Some LFP4 large battery makers claim floating is OK.
Thou shalt not float LiIon or LiPo or else ... and while LFP4 has differences I'm uneasy.
Charging current. Some LiFePO4 cells can be configured so they can easily take all charge current produced by alternator. (assuming 70A output and 3 parallel 40152S cells) So second question: Can it overload alternator or modern alternators are smart enough to lower voltage to avoid being overloaded?
This deep-ends entirely on battery and alternator specs. Batteries have clear specs. Exceed them not. If your battery has NOT got good specs available do not buy it.
No over discharge protection. Currently have no idea how to deal with it besides not letting it to discharge completely.
This is essential. There are various ways of doing this but a LFP4 large Ah cell MUST NOT be taken under around 2.75V. If you cannot be SURE of that, do not use them. They cost far too much and are too light per volume to make good boat anchors.
For what it's worth, I have floated a 4 cell, 10 Ah LiFePO4 battery pack that I built myself from flat 3.2V cells, for well over two years, with no problems. I've used it as backup power for a Mini-ITX computer with a pico-PSU power supply. Input voltage is 14.5V from a 75W DC power supply, and the battery provides additional oomph during the brief times the computer draws more than that. The battery is still doing just fine.
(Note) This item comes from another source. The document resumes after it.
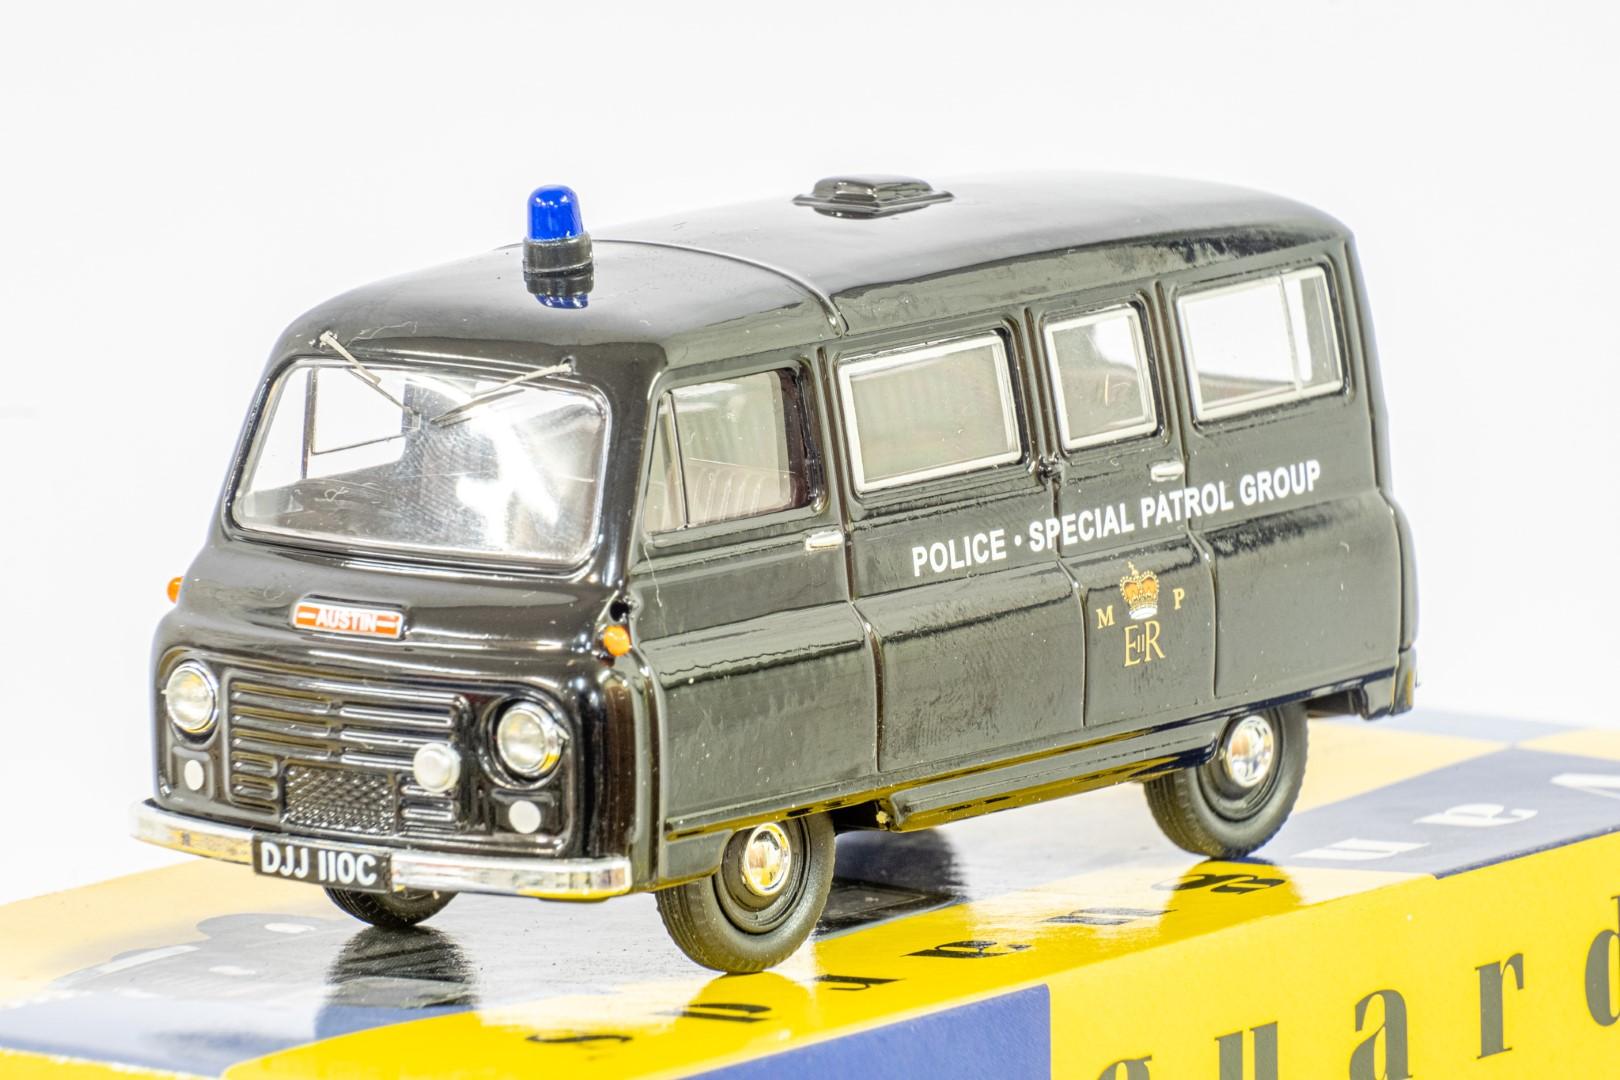 Vanguards Morris J2 Minibus - Metropolitan Police SPG - Image 5 of 6

From what I understand: It's not great to fully charge the battery, and then keep the voltage on it. This is because the thermal dissipation of the internal charge resistance will still wear away at the necessary oxide layer in the battery. LiFePO4 is less sensitive to this than LiPo, and floating at lower voltage levels causes less of this problem than floating at max level.